You may have heard that there’s no magic wand or overnight fix. But there are several ways to increase your FICO credit score in under a month. For example, you can dispute any mistakes on your credit report. You could pay down your debt or increase your credit limit. You can also remove yourself from any negative authorized user accounts or even submit a goodwill letter if you have a missed payment on your credit report.
How Your FICO Credit Score Is Determined
A key step in learning how to improve your credit score is understanding how credit scores are determined. There are five factors that are taken into account in order to calculate your credit score. This includes your payment history, credit utilization, credit history, credit mix and new credit.
These are the five factors that impact your credit score:
- Payment history (35%) — It’s crucial to make on-time payments. So much so that this is the number one factor in the determination of your credit score. Ultimately, lenders want to know whether or not you will pay them back. And so they look to whether or not you pay other creditors back.
- Amounts owed (30%) — A.K.A your credit utilization ratio. This is how much money you owe compared to how much credit you have available to you.
- Credit history (15%) — Having a long credit history improves your creditworthiness. This is because it shows lenders that you have a track record of using credit.
- Credit mix (10%) — It’s beneficial to have different kinds of credit accounts (such as credit cards and installment loans).

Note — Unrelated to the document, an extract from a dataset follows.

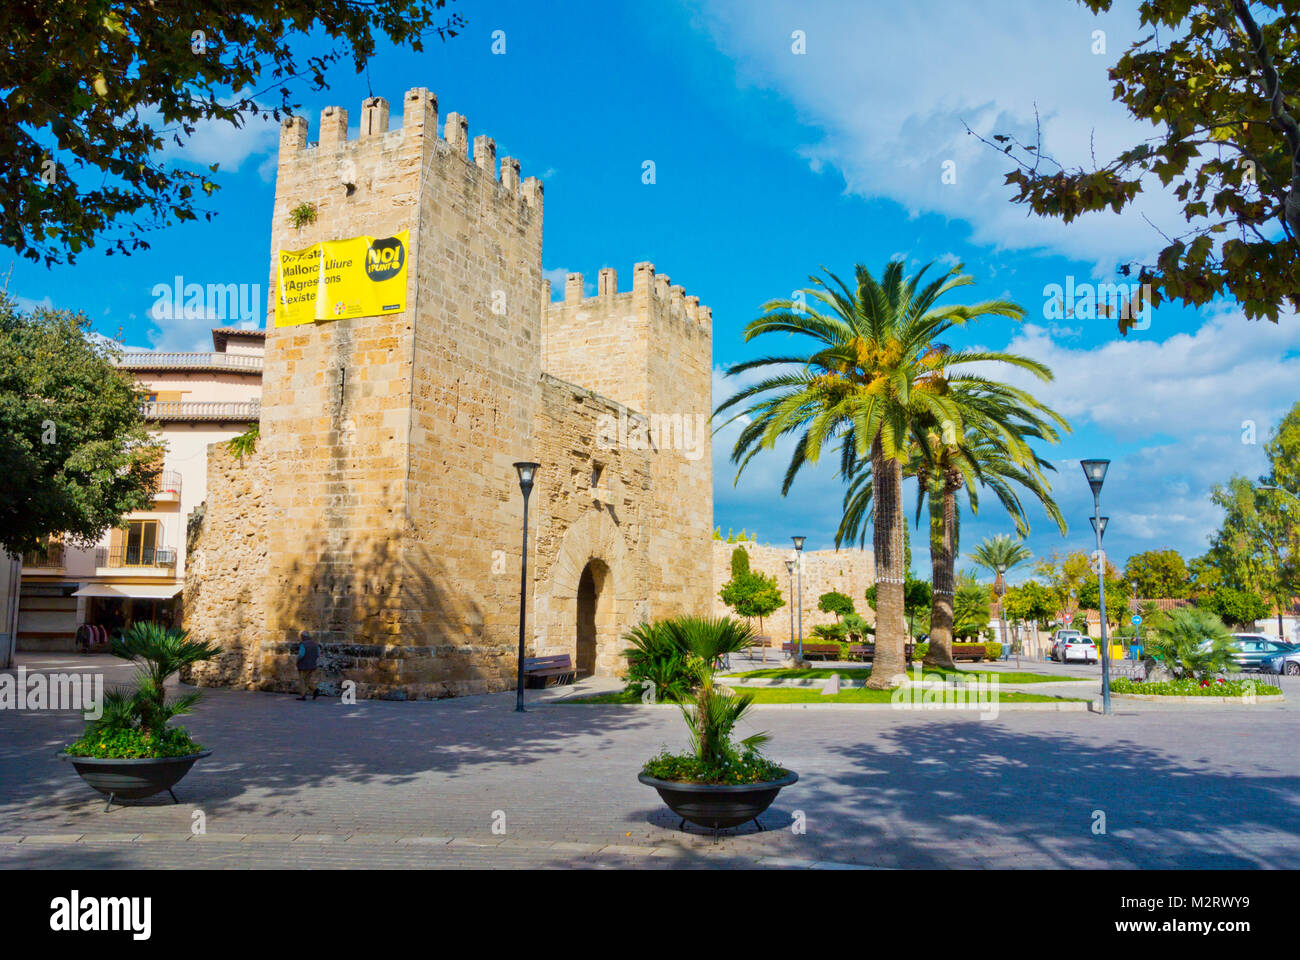 Placa Carles V, mit Porta del Moll, Alcudia, Mallorca, Balearen, Spanien Stockfoto

The reason is that this tells creditors that you pay all types of credit.
- New credit (10%) — Lenders want to know how frequently you apply for new loans and credit.
Learn more about FICO and how it calculates credit scores.
How To Increase Your Credit Score Fast
There are a number of different things you can do to help increase your credit score within a month. To start, review your credit report for errors and dispute the inaccuracies you find. From there, reduce any debt by paying down balances, if you can. Improve your credit utilization ratio by increasing your credit limit, remove yourself from any negative authorized-user accounts, and submit a goodwill letter to creditors if you have a missed payment on your credit report.
Here are the six best ways to increase your credit score in under a month:
1. Review Your Credit Report and Dispute Any Mistakes
A good first step to increasing your credit score quickly is to get a copy of your credit report. Then, review it for mistakes. It’s not necessarily common to find mistakes on your credit report, but they do happen. And when they do, they decrease your credit score.
Learn how to get a copy of your credit report for free with each of the three major credit bureaus:
In the instance where you find a mistake, you can file a dispute with the credit bureau (e.g., Experian, Equifax, TransUnion). If you win your dispute, the mistake will be removed from your credit report, which will increase your credit score.
2. If You Have Any Loans, Make a Large Payment
Debt-to-income ratio is one factor in how your credit score is determined. To improve your debt-to-income ratio, you need to either decrease your debt or increase your income. Of course, of the two options, it’s generally more realistic to decrease debt if you’re looking for a fast way to increase your credit score.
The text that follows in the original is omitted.